_DATA BELOW_
********

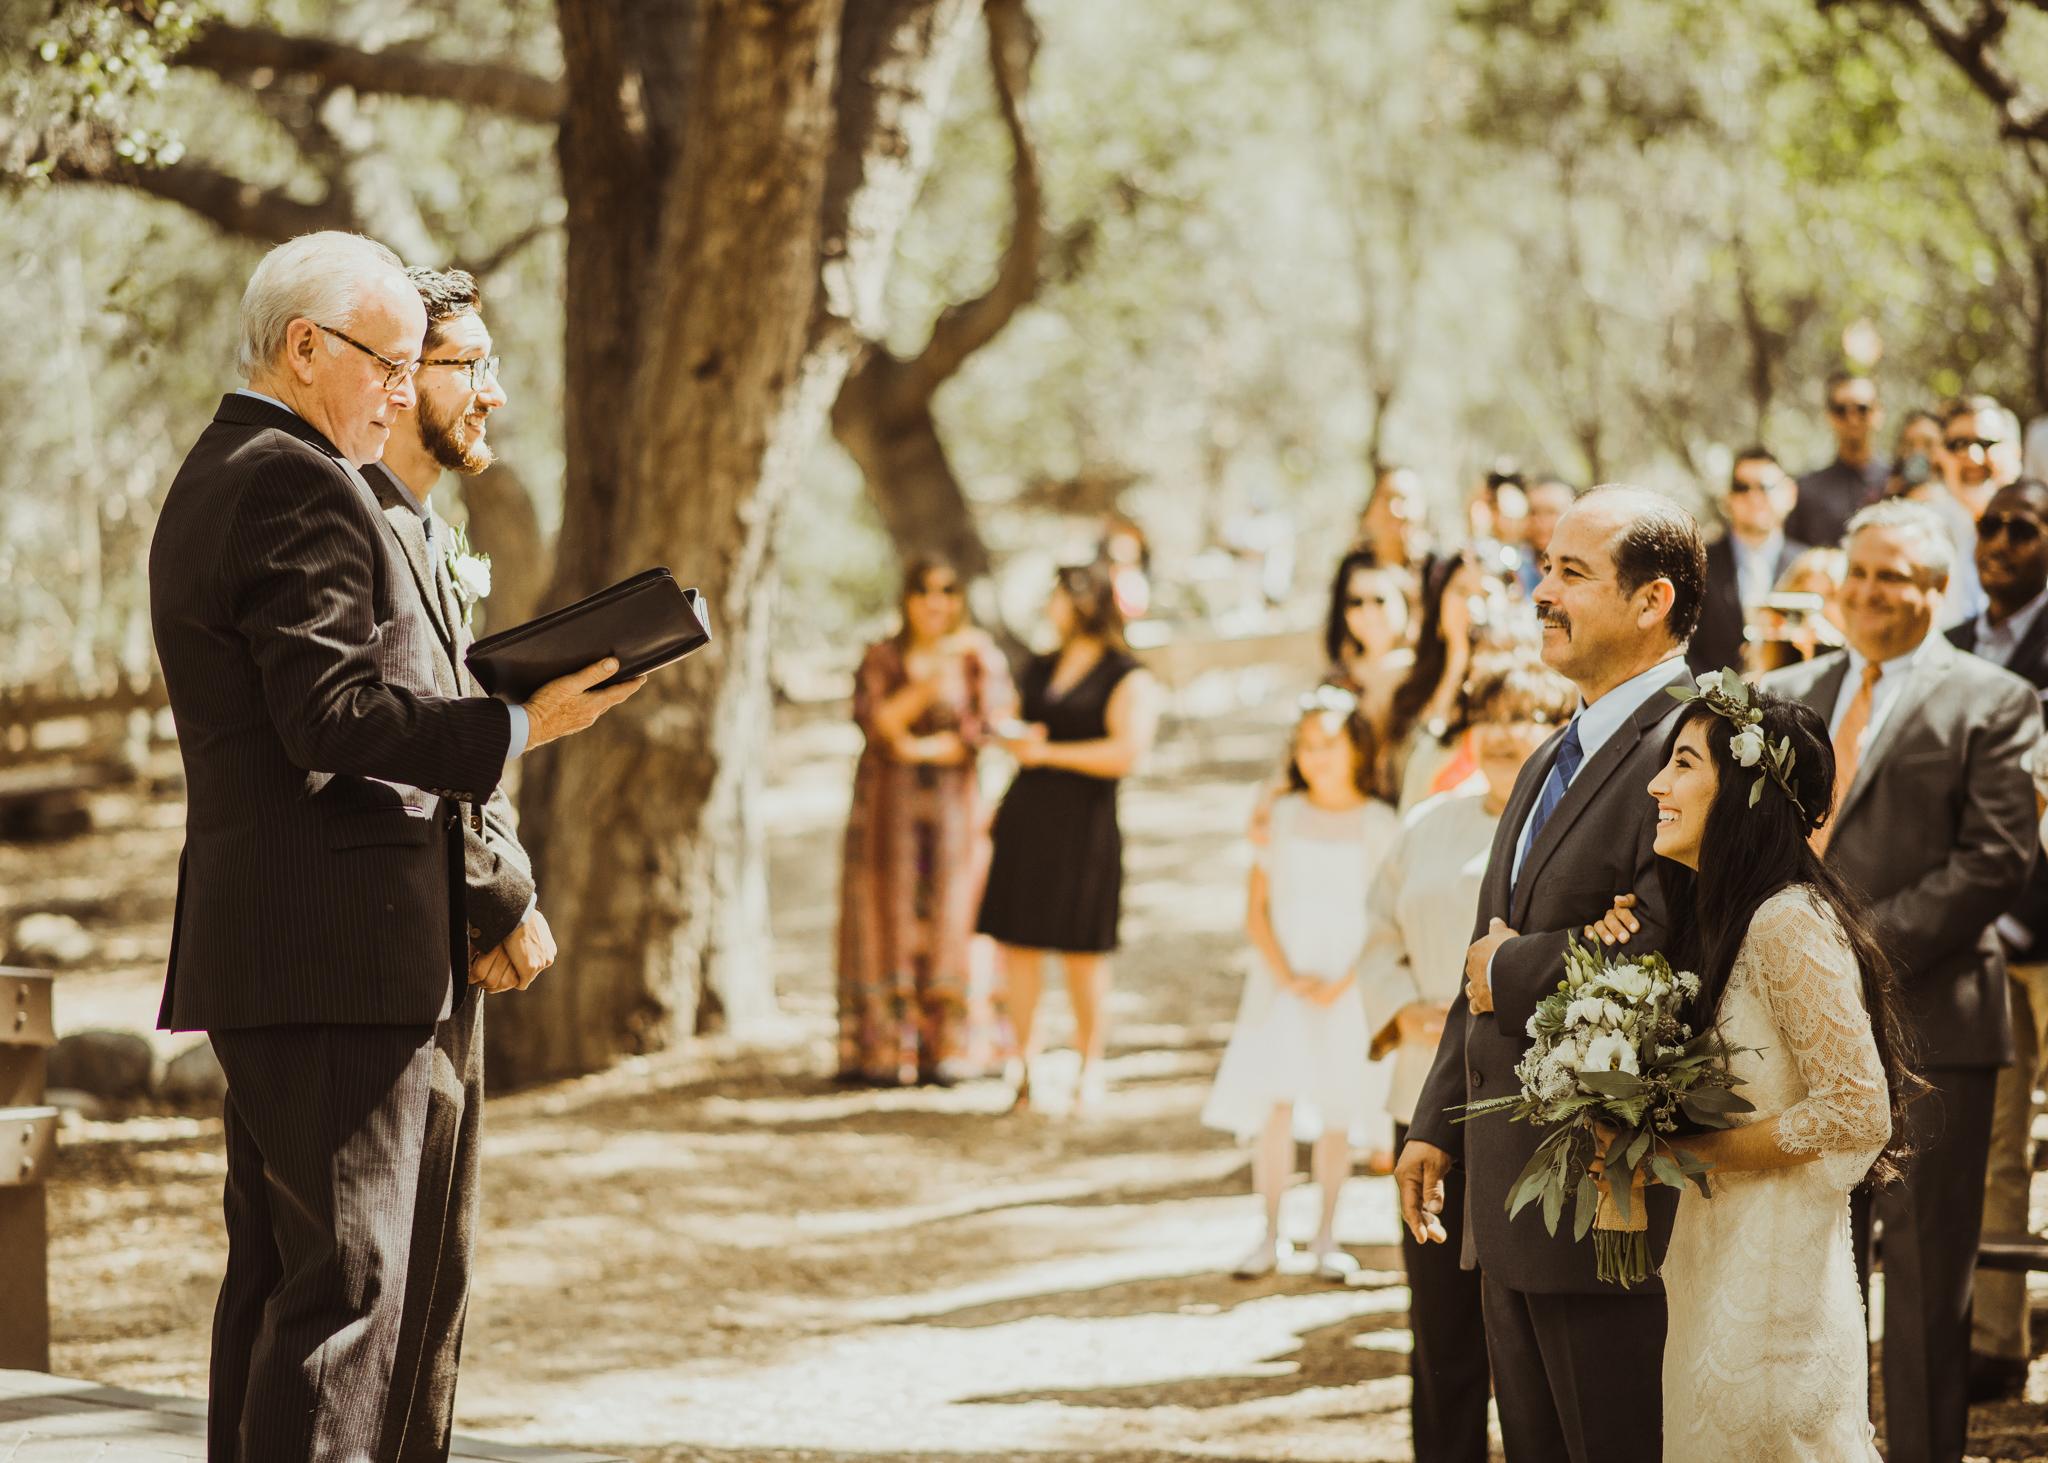 ©Isaiah-&-Taylor-Photography---Oak-Canyon-Nature-Center-Wedding,-Anaheim-Hills-043.jpg
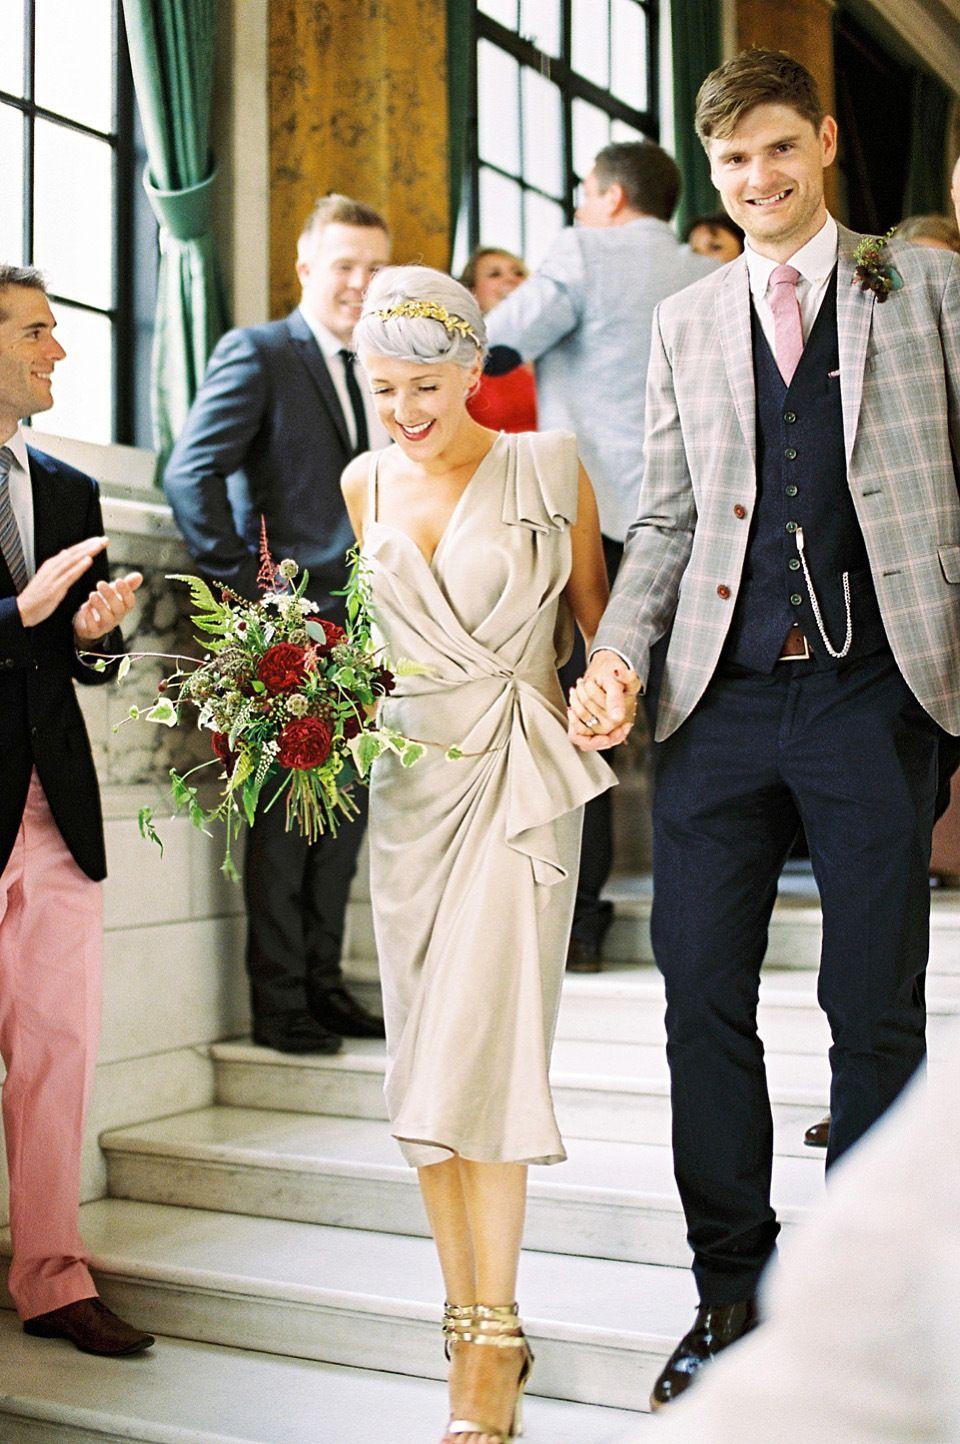 A fashion designer bride and her childhood sweetheart groom bodas
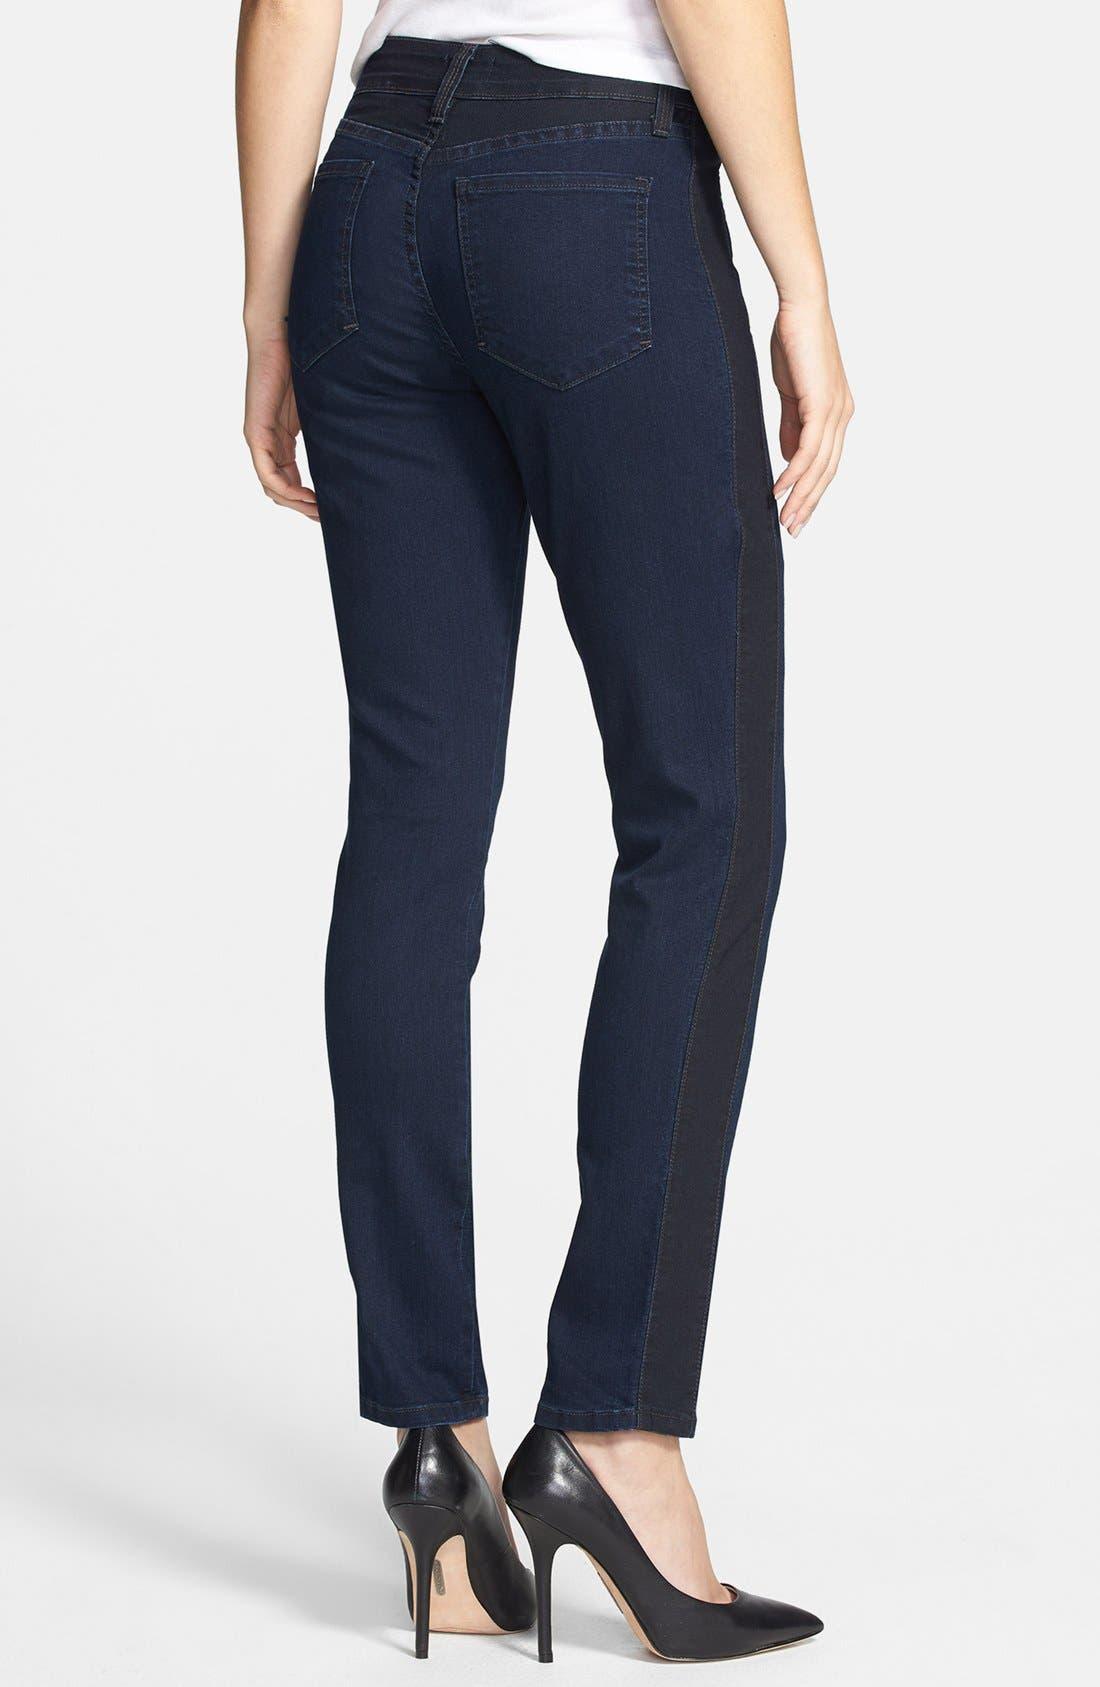 Alternate Image 2  - NYDJ 'Alexandra' Tuxedo Stripe Stretch Skinny Jeans (Covina)

********

Skip the images and set down the rest of the data unchanged.

 ©Isaiah-&-Taylor-Photography---Oak-Canyon-Nature-Center-Wedding,-Anaheim-Hills-043.jpg
 A fashion designer bride and her childhood sweetheart groom bodas
 Alternate Image 2  - NYDJ 'Alexandra' Tuxedo Stripe Stretch Skinny Jeans (Covina)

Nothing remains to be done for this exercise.